From mboxrd@z Thu Jan  1 00:00:00 1970
Received: from eggs.gnu.org ([2001:4830:134:3::10]:50742)
	by lists.gnu.org with esmtp (Exim 4.71)
	(envelope-from <bala24@linux.vnet.ibm.com>) id 1fL5YF-0001hS-Tn
	for qemu-devel@nongnu.org; Tue, 22 May 2018 07:34:01 -0400
Received: from Debian-exim by eggs.gnu.org with spam-scanned (Exim 4.71)
	(envelope-from <bala24@linux.vnet.ibm.com>) id 1fL5YC-00022y-O0
	for qemu-devel@nongnu.org; Tue, 22 May 2018 07:33:59 -0400
Received: from mx0a-001b2d01.pphosted.com ([148.163.156.1]:37368)
	by eggs.gnu.org with esmtps (TLS1.0:RSA_AES_256_CBC_SHA1:32)
	(Exim 4.71) (envelope-from <bala24@linux.vnet.ibm.com>)
	id 1fL5YC-00021Z-E1
	for qemu-devel@nongnu.org; Tue, 22 May 2018 07:33:56 -0400
Received: from pps.filterd (m0098409.ppops.net [127.0.0.1])
	by mx0a-001b2d01.pphosted.com (8.16.0.22/8.16.0.22) with SMTP id
	w4MBTUeN061742
	for <qemu-devel@nongnu.org>; Tue, 22 May 2018 07:33:52 -0400
Received: from e06smtp11.uk.ibm.com (e06smtp11.uk.ibm.com [195.75.94.107])
	by mx0a-001b2d01.pphosted.com with ESMTP id 2j4gv7cbuk-1
	(version=TLSv1.2 cipher=AES256-GCM-SHA384 bits=256 verify=NOT)
	for <qemu-devel@nongnu.org>; Tue, 22 May 2018 07:33:51 -0400
Received: from localhost
	by e06smtp11.uk.ibm.com with IBM ESMTP SMTP Gateway: Authorized Use
	Only!

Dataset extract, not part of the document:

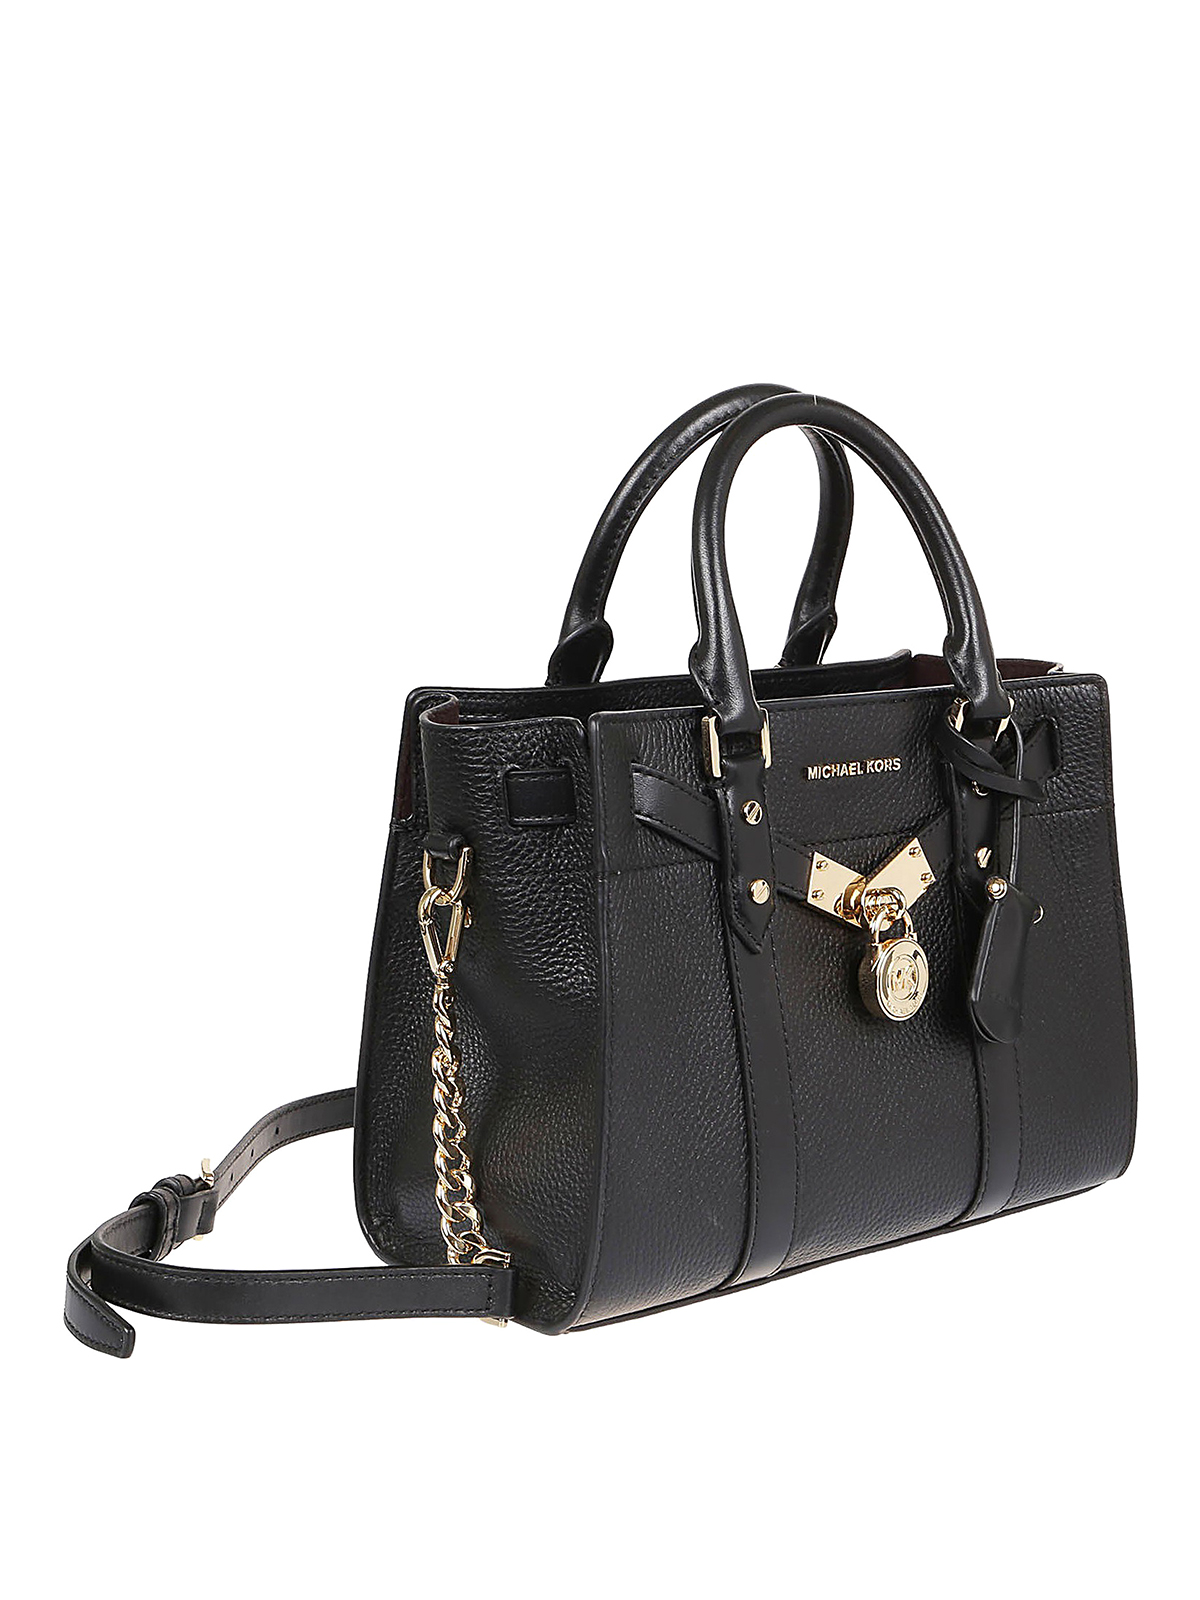 Michael Kors Nouveau Hamilton Ladies Small Black Leather Tote Bag ...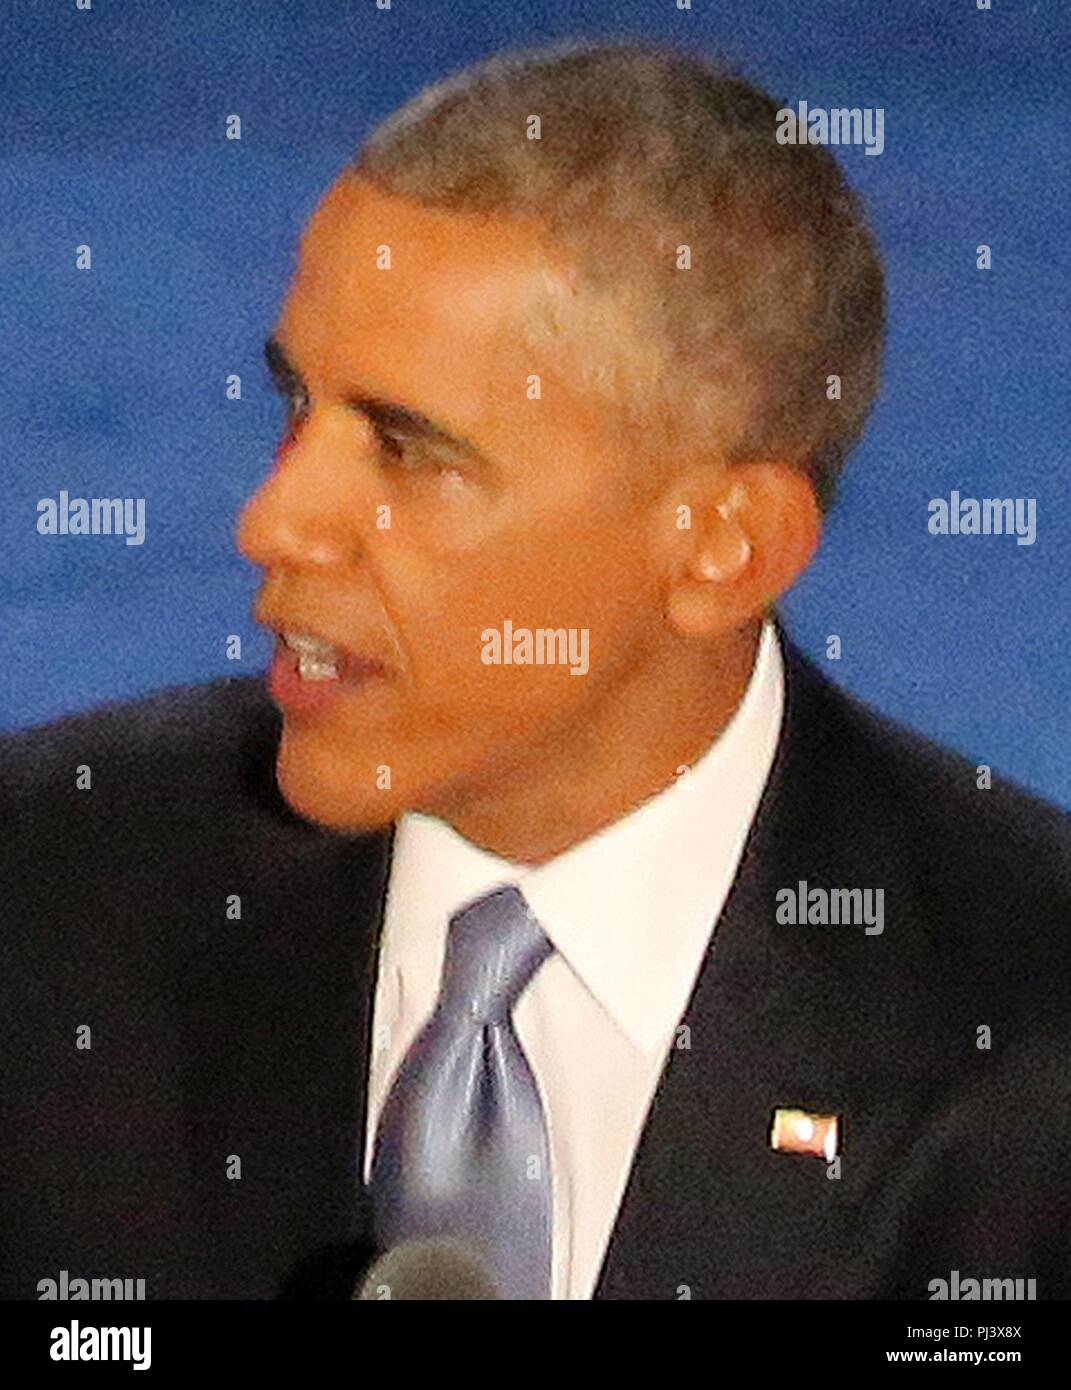 Barack Obama DNC July 2016 (cropped). Stock Photo

Violators will be prosecuted
	for <qemu-devel@nongnu.org> from <bala24@linux.vnet.ibm.com>;
	Tue, 22 May 2018 12:33:49 +0100
Date: Tue, 22 May 2018 17:03:43 +0530
From: Balamuruhan S <bala24@linux.vnet.ibm.com>
References: <20180425071040.25542-1-bala24@linux.vnet.ibm.com>
	<20180425071040.25542-2-bala24@linux.vnet.ibm.com>
	<20180501143737.GA25113@9.122.211.20>
	<d4e1788d-64c9-4b43-5fd6-4008b616362e@redhat.com>
MIME-Version: 1.0
Content-Type: text/plain; charset=us-ascii
Content-Disposition: inline
In-Reply-To: <d4e1788d-64c9-4b43-5fd6-4008b616362e@redhat.com>
Message-Id: <20180522113343.GA11538@9.122.211.20>
Subject: Re: [Qemu-devel] [PATCH v3 1/1] migration: calculate
 expected_downtime with ram_bytes_remaining()
List-Id: <qemu-devel.nongnu.org>
List-Unsubscribe: <https://lists.nongnu.org/mailman/options/qemu-devel>,
	<mailto:qemu-devel-request@nongnu.org?subject=unsubscribe>
List-Archive: <http://lists.nongnu.org/archive/html/qemu-devel/>
List-Post: <mailto:qemu-devel@nongnu.org>
List-Help: <mailto:qemu-devel-request@nongnu.org?subject=help>
List-Subscribe: <https://lists.nongnu.org/mailman/listinfo/qemu-devel>,
	<mailto:qemu-devel-request@nongnu.org?subject=subscribe>
To: Laurent Vivier <lvivier@redhat.com>
Cc: qemu-devel@nongnu.org

On Wed, May 16, 2018 at 03:43:48PM +0200, Laurent Vivier wrote:
> Hi Bala,
> 
> I've tested you patch migrating a pseries between a P9 host and a P8
> host with 1G huge page size on the P9 side and 16MB on P8 side and the
> information are strange now.
Hi Laurent,

Thank you for testing the patch,

I too have worked on recreate the same setup and my observation is that
remaining ram is reducing where as expected_downtime remains to be same
as 300 which is same as downtime-limit because, it gets assigned in
migrate_fd_connect() as 300,

s->expected_downtime = s->parameters.downtime_limit;

expected_downtime is not calculated immediately after migration is
started, it takes time to calculate expected_downtime even without this patch
because of the condition in migration_update_counters(), 

/*
 * if we haven't sent anything, we don't want to
 * recalculate. 10000 is a small enough number for our purposes
 */
if (ram_counters.dirty_pages_rate && transferred > 10000) {
    calculate expected_downtime
}

> "remaining ram" doesn't change, and after a while it can be set to "0"
> and estimated downtime is 0 too, but the migration is not completed and

I see remaining ram reduces continuously to a point and bumps up again.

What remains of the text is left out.